Quel furbo router della TIM che nasconde gli altri operatori telefonici

Il guasto

Modem TIM Smart fibra – Combo Technicolor

Tutto filava via liscio … TIM Fibra da 30 Mbit/s in download e 3 Mbit/s in upload … TIM Smart Modem … TIM Vision … nessun problema per 6 mesi … quando, ad un certo punto, la navigazione si faceva sempre più lenta, fino a scendere sotto ai livelli di una normale ADSL.

Non mi aspettavo che succedesse un problema simile ad un analogo guasto successo 8 mesi fa ed infatti, dopo una prima chiamata gestita automaticamente e senza alcun risultato (invero con un messaggio che riportava la prossima chiusura dell’intervento che, subito, ho respinto e riaperto), alla seconda chiamata è passato un tecnico che, con poche prove, imputava il guasto al modem-router TIM.

La soluzione

Modem TIM Smart fibra – Sercomm VD625

Per fortuna nessuna caccia al cavo interrotto ed interrato!
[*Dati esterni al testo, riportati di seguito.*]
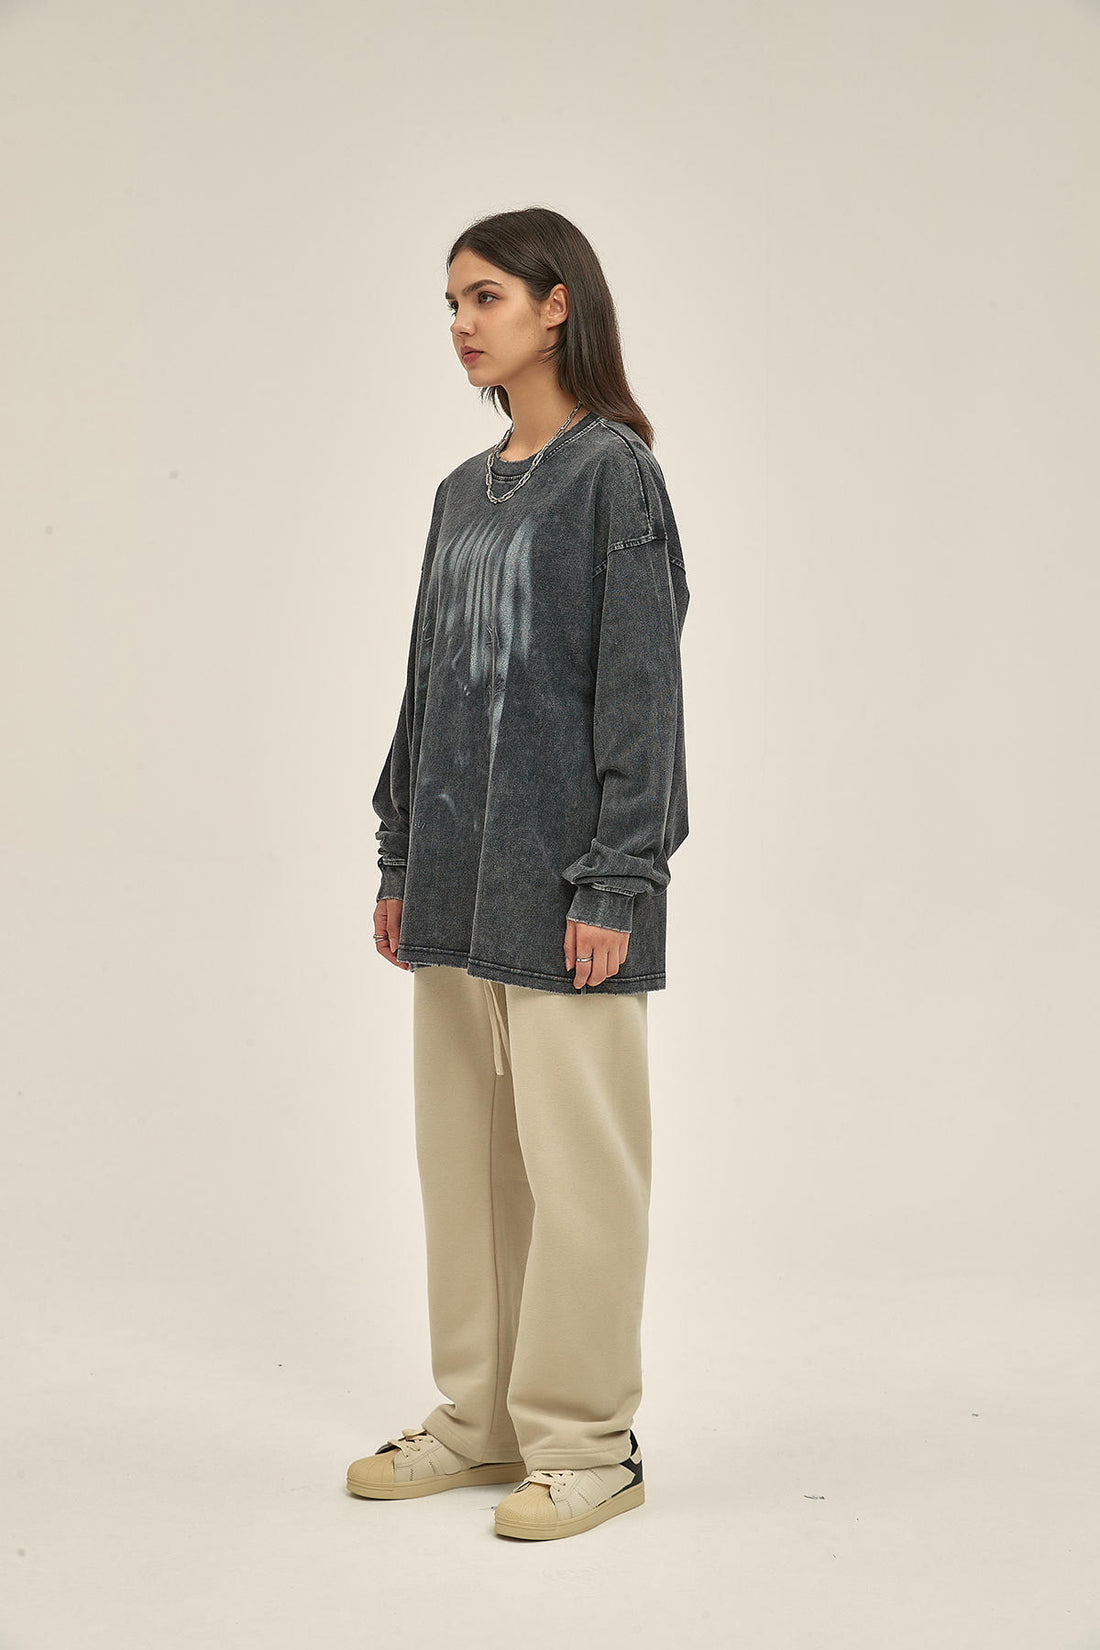 250G Washed Silhouette Print Women Long-Sleeved Sweatshirt

La soluzione è consistita nella semplice sostituzione del modem-router con uno nuovo e (a detta del tecnico) più performante: un Sercomm VD625.

A sostituzione ultimata (e a tecnico ormai andato via) tutto sembrava andare bene: navigazione ripresa alla corretta velocità; upload idem; dispositivi mobili tipo smartphone e tablet collegati via WiFi correttamente; PC agganciati via DHCP immediatamente; disco USB con collezione multimediale collegato alla porta USB riconosciuto; insomma … quando mai uno poteva pensare che il telefono Siemens Gigaset A580 IP su cui era configurata la mia vecchia linea telefonica Telecom Italia ormai passata al VOIP, non stesse funzionando?

Infatti, dopo un paio di giornate di tranquillità telefonica in casa, a causa anche del fatto che ormai si ricevono telefonate quasi solo sul telefonino, la domanda è poi sorta spontanea: ma il la linea fissa, sta funzionando? e guardando il telefono … la risposta è stata: NO!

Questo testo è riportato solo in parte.